__TASK REQUIREMENTS__
Every line from the one bearing "Grey Cowboy Felt Hat | SHANGDROK" through the last line of the entries should be printed exactly, with no other output.
*** Block opens ***
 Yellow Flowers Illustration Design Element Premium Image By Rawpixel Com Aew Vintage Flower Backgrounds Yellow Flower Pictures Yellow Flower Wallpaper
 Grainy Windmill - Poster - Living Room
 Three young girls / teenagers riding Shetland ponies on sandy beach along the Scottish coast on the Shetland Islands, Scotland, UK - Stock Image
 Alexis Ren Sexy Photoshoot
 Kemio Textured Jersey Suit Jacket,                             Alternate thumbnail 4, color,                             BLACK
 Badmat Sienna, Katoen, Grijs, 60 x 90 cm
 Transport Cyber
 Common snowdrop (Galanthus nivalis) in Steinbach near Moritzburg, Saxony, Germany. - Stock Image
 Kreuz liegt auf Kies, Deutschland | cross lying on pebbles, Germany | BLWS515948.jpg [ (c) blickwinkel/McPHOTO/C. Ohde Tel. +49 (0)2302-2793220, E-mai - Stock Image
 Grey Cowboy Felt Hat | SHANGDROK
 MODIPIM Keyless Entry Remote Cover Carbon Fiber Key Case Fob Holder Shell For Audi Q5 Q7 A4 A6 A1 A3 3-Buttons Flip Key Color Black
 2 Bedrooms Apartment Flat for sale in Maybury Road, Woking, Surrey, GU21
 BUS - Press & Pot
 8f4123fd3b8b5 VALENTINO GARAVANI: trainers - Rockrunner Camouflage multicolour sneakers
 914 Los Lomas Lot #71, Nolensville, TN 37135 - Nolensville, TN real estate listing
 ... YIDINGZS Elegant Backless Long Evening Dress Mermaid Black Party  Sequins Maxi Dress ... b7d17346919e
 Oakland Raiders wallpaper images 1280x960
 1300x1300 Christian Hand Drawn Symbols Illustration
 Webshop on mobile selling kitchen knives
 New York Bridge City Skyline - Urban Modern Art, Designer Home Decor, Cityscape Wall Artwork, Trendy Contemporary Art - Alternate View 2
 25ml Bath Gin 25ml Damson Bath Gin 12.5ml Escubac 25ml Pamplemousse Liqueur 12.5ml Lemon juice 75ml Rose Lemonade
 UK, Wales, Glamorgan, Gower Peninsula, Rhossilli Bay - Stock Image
*** Block closes ***
__PROBLEM SOLUTION__
 Grey Cowboy Felt Hat | SHANGDROK
 MODIPIM Keyless Entry Remote Cover Carbon Fiber Key Case Fob Holder Shell For Audi Q5 Q7 A4 A6 A1 A3 3-Buttons Flip Key Color Black
 2 Bedrooms Apartment Flat for sale in Maybury Road, Woking, Surrey, GU21
 BUS - Press & Pot
 8f4123fd3b8b5 VALENTINO GARAVANI: trainers - Rockrunner Camouflage multicolour sneakers
 914 Los Lomas Lot #71, Nolensville, TN 37135 - Nolensville, TN real estate listing
 ... YIDINGZS Elegant Backless Long Evening Dress Mermaid Black Party  Sequins Maxi Dress ... b7d17346919e
 Oakland Raiders wallpaper images 1280x960
 1300x1300 Christian Hand Drawn Symbols Illustration
 Webshop on mobile selling kitchen knives
 New York Bridge City Skyline - Urban Modern Art, Designer Home Decor, Cityscape Wall Artwork, Trendy Contemporary Art - Alternate View 2
 25ml Bath Gin 25ml Damson Bath Gin 12.5ml Escubac 25ml Pamplemousse Liqueur 12.5ml Lemon juice 75ml Rose Lemonade
 UK, Wales, Glamorgan, Gower Peninsula, Rhossilli Bay - Stock Image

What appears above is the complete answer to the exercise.